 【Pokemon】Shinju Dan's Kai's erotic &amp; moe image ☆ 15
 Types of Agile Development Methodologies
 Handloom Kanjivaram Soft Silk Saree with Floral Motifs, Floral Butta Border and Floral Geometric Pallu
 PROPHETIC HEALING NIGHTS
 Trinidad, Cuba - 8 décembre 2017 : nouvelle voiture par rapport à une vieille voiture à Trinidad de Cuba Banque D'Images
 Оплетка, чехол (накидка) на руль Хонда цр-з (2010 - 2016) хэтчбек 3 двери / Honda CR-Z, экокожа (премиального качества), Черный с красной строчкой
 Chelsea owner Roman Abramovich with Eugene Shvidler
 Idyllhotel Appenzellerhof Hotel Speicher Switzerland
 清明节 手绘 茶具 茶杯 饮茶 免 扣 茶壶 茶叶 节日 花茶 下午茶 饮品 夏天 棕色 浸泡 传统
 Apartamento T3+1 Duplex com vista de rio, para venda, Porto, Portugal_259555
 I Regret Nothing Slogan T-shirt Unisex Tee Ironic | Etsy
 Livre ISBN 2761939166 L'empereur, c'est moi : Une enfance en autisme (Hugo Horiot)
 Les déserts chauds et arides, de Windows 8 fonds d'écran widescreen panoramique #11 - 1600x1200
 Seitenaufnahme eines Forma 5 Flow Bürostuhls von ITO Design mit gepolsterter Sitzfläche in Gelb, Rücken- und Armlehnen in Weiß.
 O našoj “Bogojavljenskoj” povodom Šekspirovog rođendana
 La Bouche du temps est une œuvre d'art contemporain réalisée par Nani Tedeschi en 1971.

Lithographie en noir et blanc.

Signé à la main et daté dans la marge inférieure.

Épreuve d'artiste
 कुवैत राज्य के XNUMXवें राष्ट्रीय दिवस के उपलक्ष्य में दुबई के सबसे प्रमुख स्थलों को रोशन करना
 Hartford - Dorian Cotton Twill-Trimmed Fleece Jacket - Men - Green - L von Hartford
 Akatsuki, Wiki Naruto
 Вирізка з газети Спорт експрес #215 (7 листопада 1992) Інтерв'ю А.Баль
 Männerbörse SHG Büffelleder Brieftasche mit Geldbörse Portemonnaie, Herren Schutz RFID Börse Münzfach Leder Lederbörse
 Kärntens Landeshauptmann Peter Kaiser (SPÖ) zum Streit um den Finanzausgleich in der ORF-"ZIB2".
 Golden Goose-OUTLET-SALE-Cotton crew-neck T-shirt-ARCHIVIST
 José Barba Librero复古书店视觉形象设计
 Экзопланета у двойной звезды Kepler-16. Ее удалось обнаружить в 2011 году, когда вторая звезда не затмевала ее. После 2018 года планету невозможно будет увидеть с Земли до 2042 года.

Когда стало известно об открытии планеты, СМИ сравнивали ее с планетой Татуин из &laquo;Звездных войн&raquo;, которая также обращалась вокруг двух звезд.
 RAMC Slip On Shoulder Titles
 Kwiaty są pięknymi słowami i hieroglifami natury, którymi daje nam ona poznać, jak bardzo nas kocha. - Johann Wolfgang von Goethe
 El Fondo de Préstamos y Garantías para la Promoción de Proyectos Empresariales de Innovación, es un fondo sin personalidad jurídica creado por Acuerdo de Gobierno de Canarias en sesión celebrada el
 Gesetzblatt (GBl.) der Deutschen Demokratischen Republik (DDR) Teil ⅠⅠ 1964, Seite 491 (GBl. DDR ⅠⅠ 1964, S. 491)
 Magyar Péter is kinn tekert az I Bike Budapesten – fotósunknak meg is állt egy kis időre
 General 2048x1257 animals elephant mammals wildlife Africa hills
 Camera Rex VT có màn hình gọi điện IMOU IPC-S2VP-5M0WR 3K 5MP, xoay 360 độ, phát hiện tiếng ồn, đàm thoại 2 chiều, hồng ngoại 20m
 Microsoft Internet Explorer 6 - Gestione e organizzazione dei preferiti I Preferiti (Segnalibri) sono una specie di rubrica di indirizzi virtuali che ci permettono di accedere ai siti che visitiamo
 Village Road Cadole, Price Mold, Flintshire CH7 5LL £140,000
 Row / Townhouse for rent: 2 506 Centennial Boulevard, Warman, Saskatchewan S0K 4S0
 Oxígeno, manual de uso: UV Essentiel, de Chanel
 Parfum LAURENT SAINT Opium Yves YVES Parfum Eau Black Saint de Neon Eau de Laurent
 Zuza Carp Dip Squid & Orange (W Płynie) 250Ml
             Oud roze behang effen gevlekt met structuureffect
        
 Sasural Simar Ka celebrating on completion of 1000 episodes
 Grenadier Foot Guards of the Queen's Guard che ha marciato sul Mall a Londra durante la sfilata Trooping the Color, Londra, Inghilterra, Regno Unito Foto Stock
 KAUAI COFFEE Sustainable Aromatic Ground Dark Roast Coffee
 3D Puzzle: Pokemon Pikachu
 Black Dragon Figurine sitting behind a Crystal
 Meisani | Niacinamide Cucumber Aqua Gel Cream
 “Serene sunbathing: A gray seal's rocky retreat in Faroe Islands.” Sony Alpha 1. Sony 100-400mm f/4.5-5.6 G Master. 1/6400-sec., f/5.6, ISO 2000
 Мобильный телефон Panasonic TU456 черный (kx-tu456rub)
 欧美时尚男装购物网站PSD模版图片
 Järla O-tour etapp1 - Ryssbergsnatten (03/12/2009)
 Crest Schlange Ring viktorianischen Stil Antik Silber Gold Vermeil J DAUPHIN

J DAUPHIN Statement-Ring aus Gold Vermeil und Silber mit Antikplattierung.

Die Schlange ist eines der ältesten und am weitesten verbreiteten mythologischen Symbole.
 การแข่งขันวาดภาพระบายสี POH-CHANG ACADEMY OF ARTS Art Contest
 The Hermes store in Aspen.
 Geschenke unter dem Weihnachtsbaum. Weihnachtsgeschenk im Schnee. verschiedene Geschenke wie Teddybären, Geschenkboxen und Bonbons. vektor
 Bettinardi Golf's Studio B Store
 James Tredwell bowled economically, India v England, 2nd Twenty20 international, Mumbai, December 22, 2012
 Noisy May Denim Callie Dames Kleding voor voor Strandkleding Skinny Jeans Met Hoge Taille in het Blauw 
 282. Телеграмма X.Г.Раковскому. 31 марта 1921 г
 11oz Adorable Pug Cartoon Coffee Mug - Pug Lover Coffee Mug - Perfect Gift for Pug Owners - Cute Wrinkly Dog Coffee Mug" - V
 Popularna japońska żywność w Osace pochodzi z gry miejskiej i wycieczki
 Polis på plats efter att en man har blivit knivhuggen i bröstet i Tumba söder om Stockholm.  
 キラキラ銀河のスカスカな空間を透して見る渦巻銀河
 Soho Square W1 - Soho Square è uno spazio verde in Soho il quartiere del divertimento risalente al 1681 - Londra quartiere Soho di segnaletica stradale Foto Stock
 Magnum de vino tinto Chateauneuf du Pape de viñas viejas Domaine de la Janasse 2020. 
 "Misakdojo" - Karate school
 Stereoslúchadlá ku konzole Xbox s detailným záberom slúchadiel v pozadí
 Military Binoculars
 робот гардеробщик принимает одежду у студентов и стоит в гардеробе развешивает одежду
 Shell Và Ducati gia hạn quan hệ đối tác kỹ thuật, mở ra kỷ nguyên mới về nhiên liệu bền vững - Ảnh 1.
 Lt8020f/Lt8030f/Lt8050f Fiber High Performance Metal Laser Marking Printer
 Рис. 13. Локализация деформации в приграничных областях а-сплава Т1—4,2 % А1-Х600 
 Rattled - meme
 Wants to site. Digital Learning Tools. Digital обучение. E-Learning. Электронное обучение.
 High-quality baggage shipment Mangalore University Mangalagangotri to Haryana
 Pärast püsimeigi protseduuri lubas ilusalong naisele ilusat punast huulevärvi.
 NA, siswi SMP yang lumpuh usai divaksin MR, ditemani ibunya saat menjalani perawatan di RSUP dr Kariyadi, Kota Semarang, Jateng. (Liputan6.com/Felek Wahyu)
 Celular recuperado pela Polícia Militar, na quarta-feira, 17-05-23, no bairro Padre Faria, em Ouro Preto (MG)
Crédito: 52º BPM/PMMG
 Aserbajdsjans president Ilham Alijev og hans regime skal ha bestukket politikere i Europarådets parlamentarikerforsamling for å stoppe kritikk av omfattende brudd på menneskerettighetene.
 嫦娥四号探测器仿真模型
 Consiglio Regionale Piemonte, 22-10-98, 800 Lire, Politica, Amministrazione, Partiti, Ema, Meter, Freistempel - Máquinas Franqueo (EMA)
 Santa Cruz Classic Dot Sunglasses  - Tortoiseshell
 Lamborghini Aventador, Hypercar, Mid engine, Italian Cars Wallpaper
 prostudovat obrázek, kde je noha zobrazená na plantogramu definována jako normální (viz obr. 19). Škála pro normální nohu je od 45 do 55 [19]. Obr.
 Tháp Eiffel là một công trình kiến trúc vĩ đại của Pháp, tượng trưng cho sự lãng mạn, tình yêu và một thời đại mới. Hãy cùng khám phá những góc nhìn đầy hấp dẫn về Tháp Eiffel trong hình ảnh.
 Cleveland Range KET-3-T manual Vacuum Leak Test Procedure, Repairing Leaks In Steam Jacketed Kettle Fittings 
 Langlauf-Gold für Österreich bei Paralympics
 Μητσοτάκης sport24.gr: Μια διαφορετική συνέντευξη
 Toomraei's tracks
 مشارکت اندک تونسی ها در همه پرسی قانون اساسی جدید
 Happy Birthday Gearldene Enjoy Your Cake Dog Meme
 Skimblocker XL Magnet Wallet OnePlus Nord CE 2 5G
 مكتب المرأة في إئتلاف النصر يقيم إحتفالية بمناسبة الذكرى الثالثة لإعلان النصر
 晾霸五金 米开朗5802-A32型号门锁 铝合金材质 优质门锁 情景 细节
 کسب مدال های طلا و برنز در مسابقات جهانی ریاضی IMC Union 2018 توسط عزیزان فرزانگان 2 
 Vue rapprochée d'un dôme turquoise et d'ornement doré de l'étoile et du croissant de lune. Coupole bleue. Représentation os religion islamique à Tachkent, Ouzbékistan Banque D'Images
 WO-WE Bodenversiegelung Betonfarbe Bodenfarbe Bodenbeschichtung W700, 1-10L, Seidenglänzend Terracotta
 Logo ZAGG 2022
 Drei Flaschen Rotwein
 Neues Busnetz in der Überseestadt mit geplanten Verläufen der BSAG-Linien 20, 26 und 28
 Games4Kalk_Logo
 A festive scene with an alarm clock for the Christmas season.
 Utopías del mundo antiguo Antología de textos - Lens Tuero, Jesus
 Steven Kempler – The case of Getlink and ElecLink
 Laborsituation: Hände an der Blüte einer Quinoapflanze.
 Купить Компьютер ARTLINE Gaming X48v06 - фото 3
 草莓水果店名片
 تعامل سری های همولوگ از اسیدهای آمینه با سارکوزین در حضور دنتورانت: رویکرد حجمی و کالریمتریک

• **Task description**: Everything above from the line containing "Les déserts chauds" down to the line containing "General 2048x1257 animals" is to be transcribed exactly, with both of those lines included and nothing else added.

• **Exercise result**:
 Les déserts chauds et arides, de Windows 8 fonds d'écran widescreen panoramique #11 - 1600x1200
 Seitenaufnahme eines Forma 5 Flow Bürostuhls von ITO Design mit gepolsterter Sitzfläche in Gelb, Rücken- und Armlehnen in Weiß.
 O našoj “Bogojavljenskoj” povodom Šekspirovog rođendana
 La Bouche du temps est une œuvre d'art contemporain réalisée par Nani Tedeschi en 1971.

Lithographie en noir et blanc.

Signé à la main et daté dans la marge inférieure.

Épreuve d'artiste
 कुवैत राज्य के XNUMXवें राष्ट्रीय दिवस के उपलक्ष्य में दुबई के सबसे प्रमुख स्थलों को रोशन करना
 Hartford - Dorian Cotton Twill-Trimmed Fleece Jacket - Men - Green - L von Hartford
 Akatsuki, Wiki Naruto
 Вирізка з газети Спорт експрес #215 (7 листопада 1992) Інтерв'ю А.Баль
 Männerbörse SHG Büffelleder Brieftasche mit Geldbörse Portemonnaie, Herren Schutz RFID Börse Münzfach Leder Lederbörse
 Kärntens Landeshauptmann Peter Kaiser (SPÖ) zum Streit um den Finanzausgleich in der ORF-"ZIB2".
 Golden Goose-OUTLET-SALE-Cotton crew-neck T-shirt-ARCHIVIST
 José Barba Librero复古书店视觉形象设计
 Экзопланета у двойной звезды Kepler-16. Ее удалось обнаружить в 2011 году, когда вторая звезда не затмевала ее. После 2018 года планету невозможно будет увидеть с Земли до 2042 года.

Когда стало известно об открытии планеты, СМИ сравнивали ее с планетой Татуин из &laquo;Звездных войн&raquo;, которая также обращалась вокруг двух звезд.
 RAMC Slip On Shoulder Titles
 Kwiaty są pięknymi słowami i hieroglifami natury, którymi daje nam ona poznać, jak bardzo nas kocha. - Johann Wolfgang von Goethe
 El Fondo de Préstamos y Garantías para la Promoción de Proyectos Empresariales de Innovación, es un fondo sin personalidad jurídica creado por Acuerdo de Gobierno de Canarias en sesión celebrada el
 Gesetzblatt (GBl.) der Deutschen Demokratischen Republik (DDR) Teil ⅠⅠ 1964, Seite 491 (GBl. DDR ⅠⅠ 1964, S. 491)
 Magyar Péter is kinn tekert az I Bike Budapesten – fotósunknak meg is állt egy kis időre
 General 2048x1257 animals elephant mammals wildlife Africa hills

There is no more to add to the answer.